Rhynchoedura eyrensis by Stephen Mahony, on Flickr

After searching for 10 minutes skipping around joyously from gecko to gecko I approached a gecko that seemed bigger than the other, my heart started to race, and as I got close enough to verify I shouted out to the others I had found our target, the Pernatty Knob-tailed Gecko.
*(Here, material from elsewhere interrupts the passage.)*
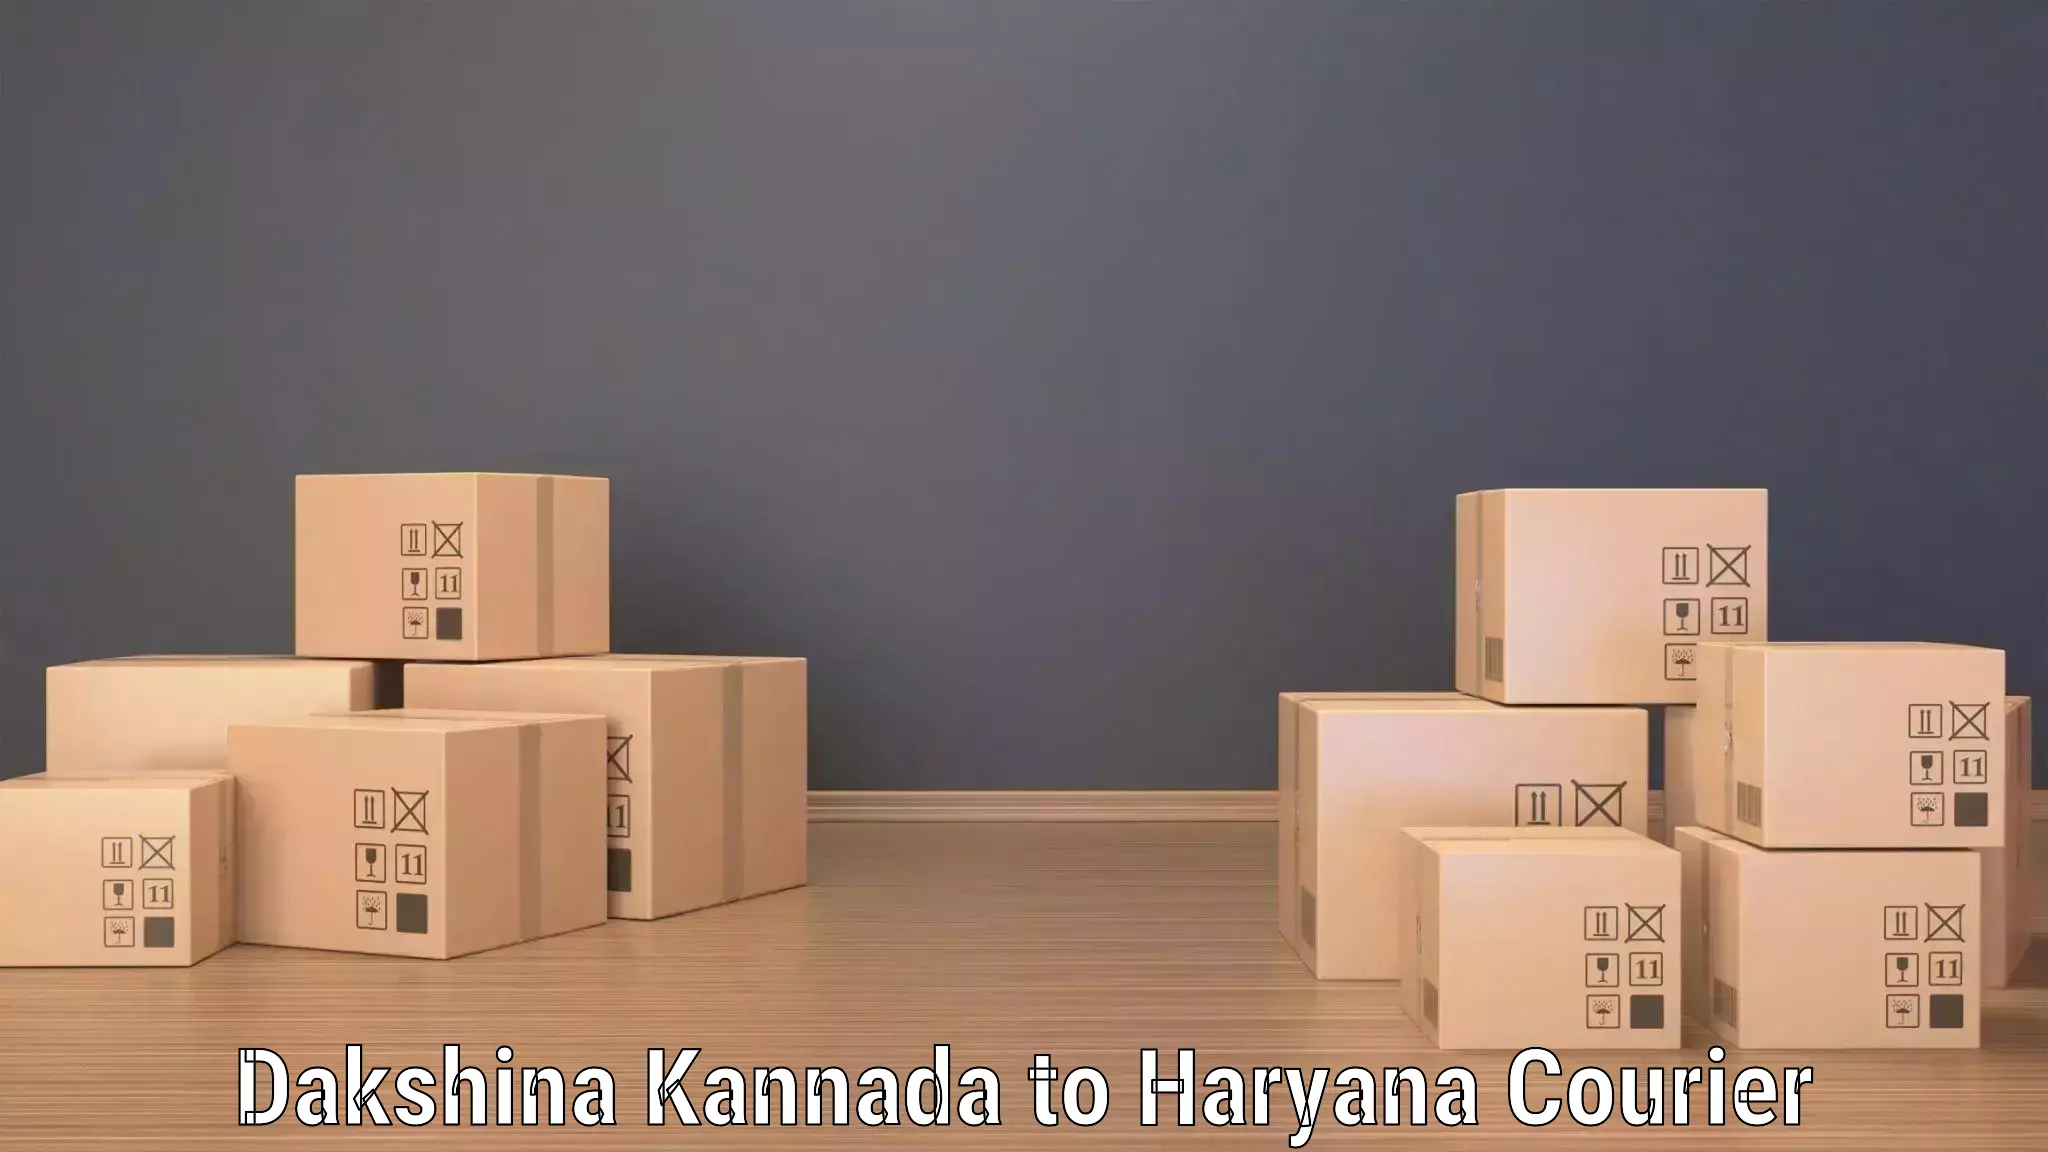 Courier service efficiency Dakshina Kannada to Shahabad Markanda

We ended up seeing Males, Females and Juveniles of the species. 



Nephrurus deleani by Stephen Mahony, on Flickr



Nephrurus deleani by Stephen Mahony, on Flickr



Nephrurus deleani by Stephen Mahony, on Flickr



Nephrurus deleani by Stephen Mahony, on Flickr



Nephrurus deleani by Stephen Mahony, on Flickr







Nephrurus deleani by Stephen Mahony, on Flickr

Happy that we'd found our target and achieved getting good photos of it we packed up and headed to the Eyre Peninsula, arriving at about 3am we were all completely zonked and collapsed into sleep. 

Awaking the next day we decided to use our morning hours road cruising to look for Molochs, we didn't find one, I didn't expect to. This added at least an extra couple hundred kilometers of Moloch habitat to my total (greater than 10 000kms) I've driven through without seeing one, I'm pretty sure Moloch actually don't exist but are a giant herp conspiracy. 
Luckily we DID see some other cool and interesting things. 
The Crested Dragons may have been duller than they would be in spring but they were still a very nice looking dragon and none the less impressive. 
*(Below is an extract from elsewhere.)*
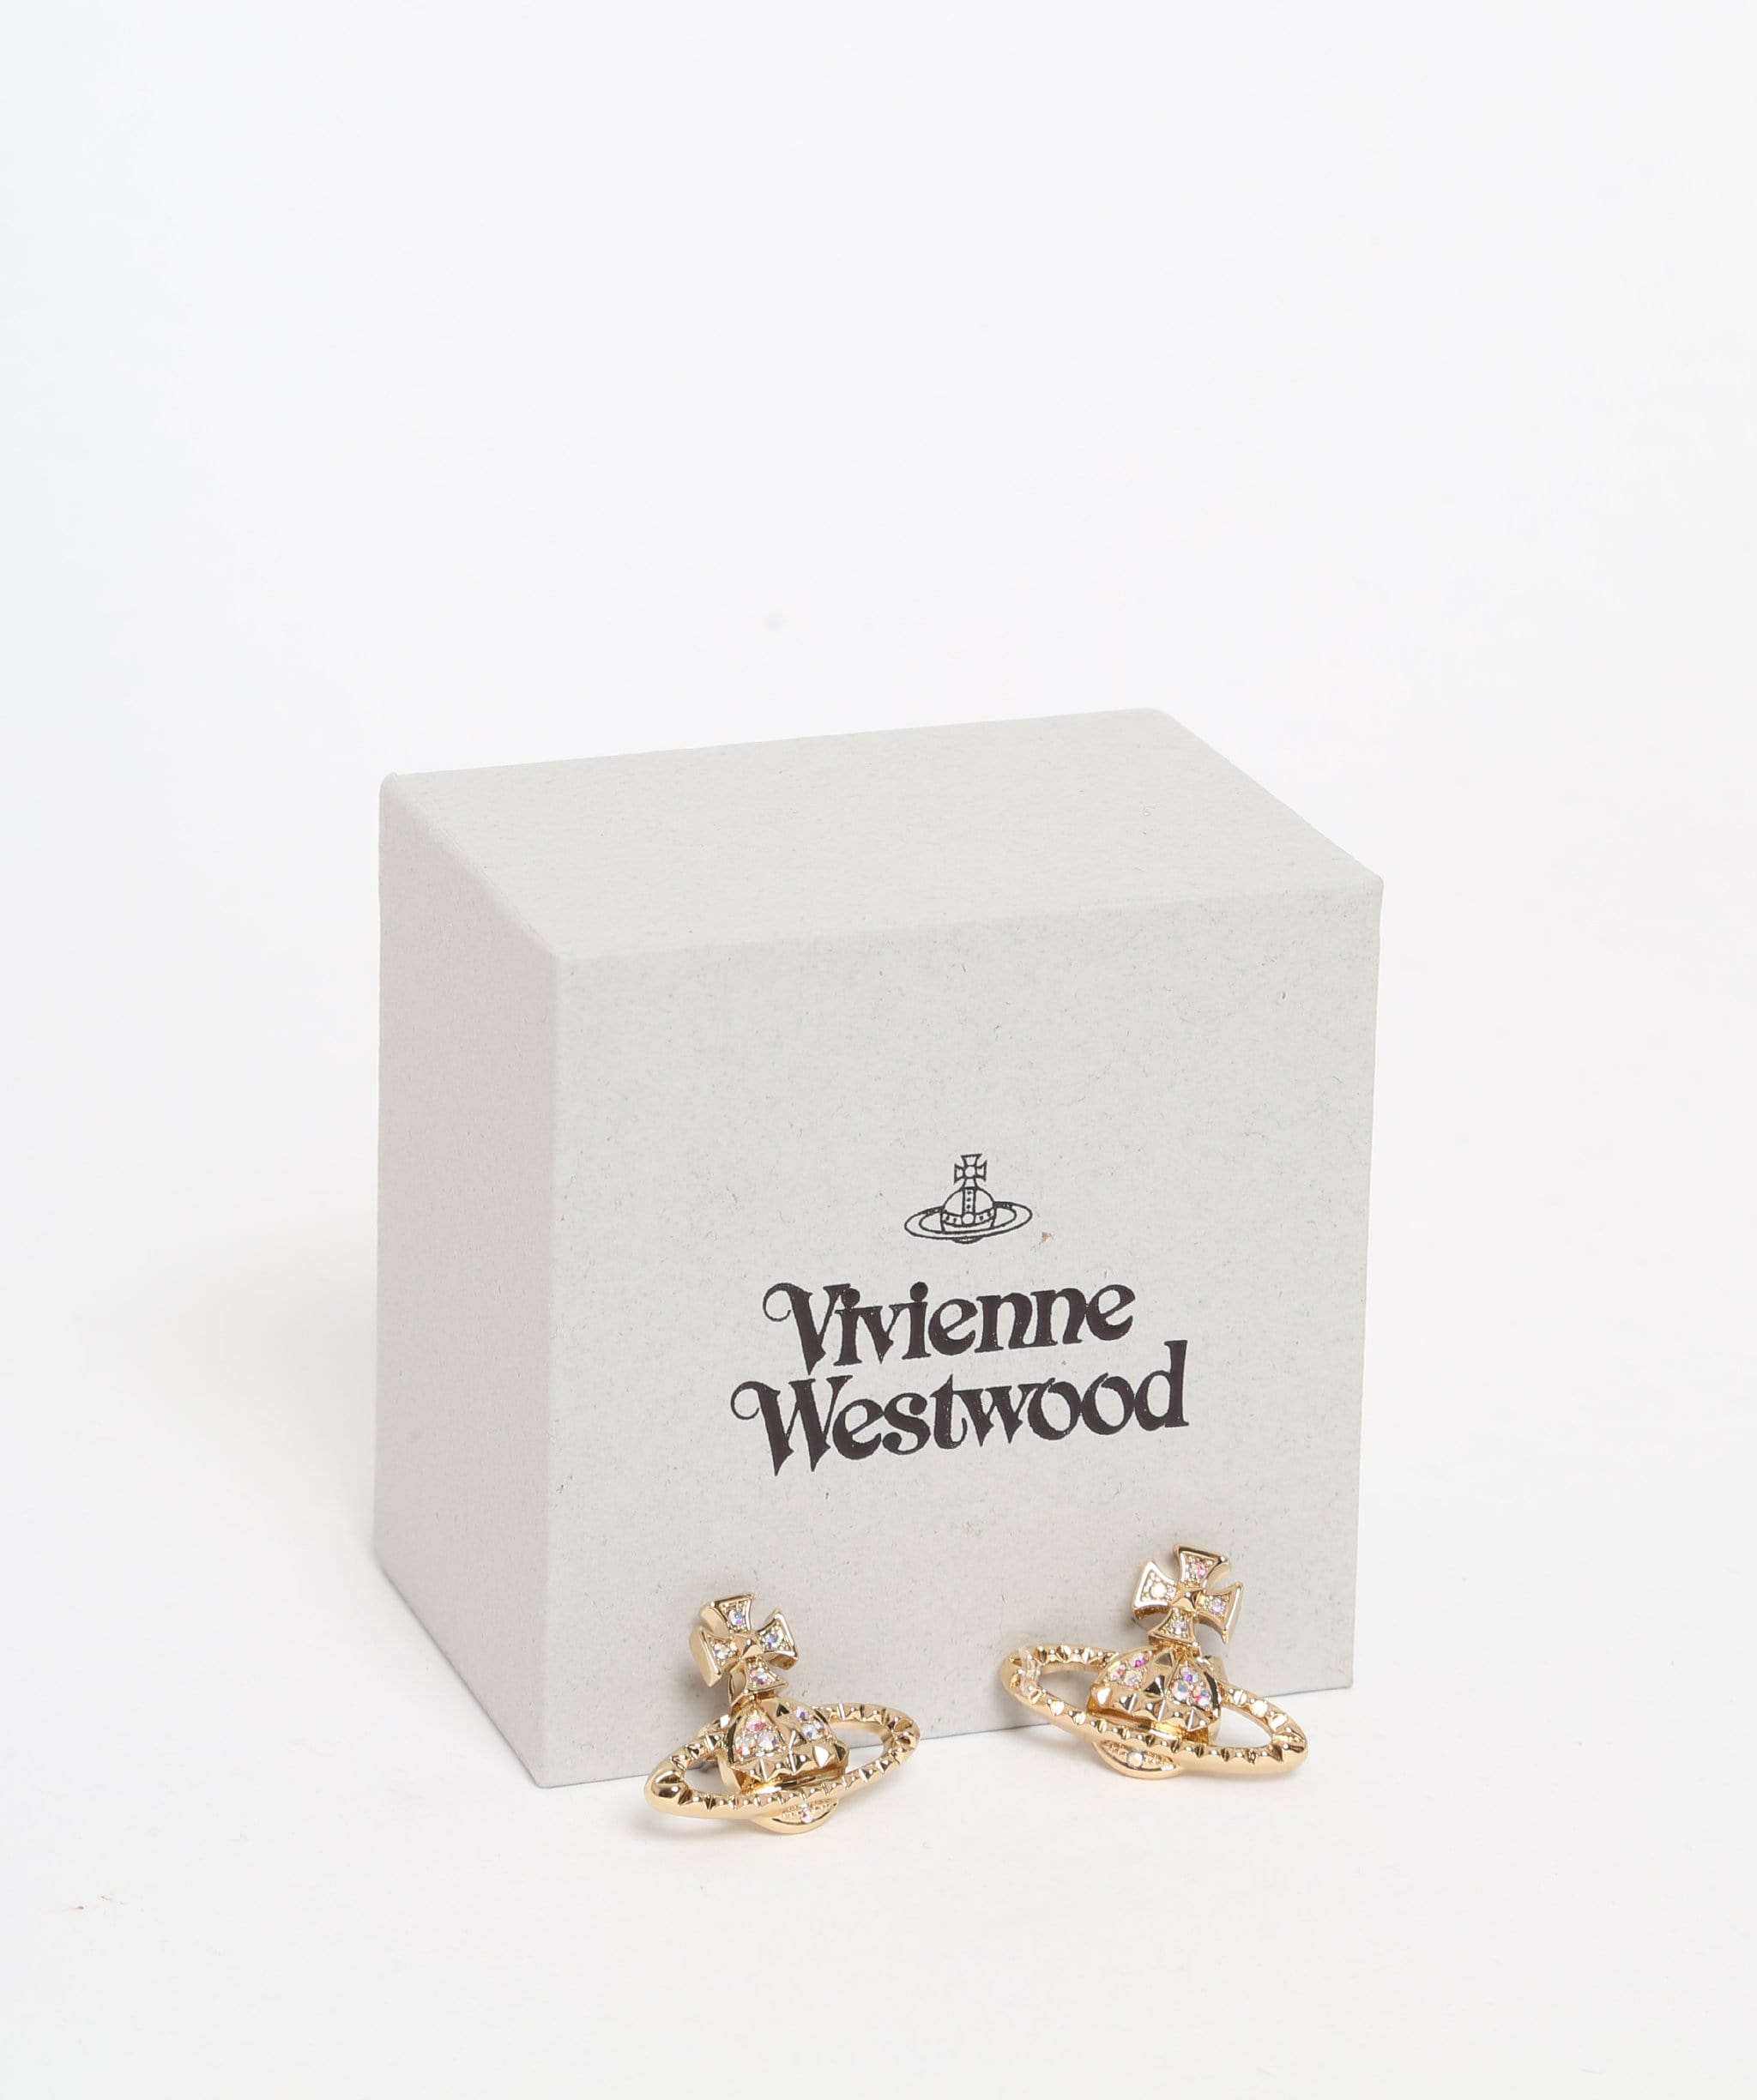 Vivienne Westwood Mayfair Bas Relief Orb Earrings Gold

Females were the dullest of the lot. 



Ctenophorus cristatus by Stephen Mahony, on Flickr

This is pretty dull compared to spring males I've seen in WA. 



Ctenophorus cristatus by Stephen Mahony, on Flickr



Ctenophorus cristatus by Stephen Mahony, on Flickr



Ctenophorus cristatus by Stephen Mahony, on Flickr

We managed to find several Peninsula Dragons, I was slightly disappointed all were drab females but pleased to see the species anyway. 



Ctenophorus fionni by Stephen Mahony, on Flickr

Heading back towards Adelaide we still had plenty of daylight and we used it tracking down several species of skink I hadn't seen before. 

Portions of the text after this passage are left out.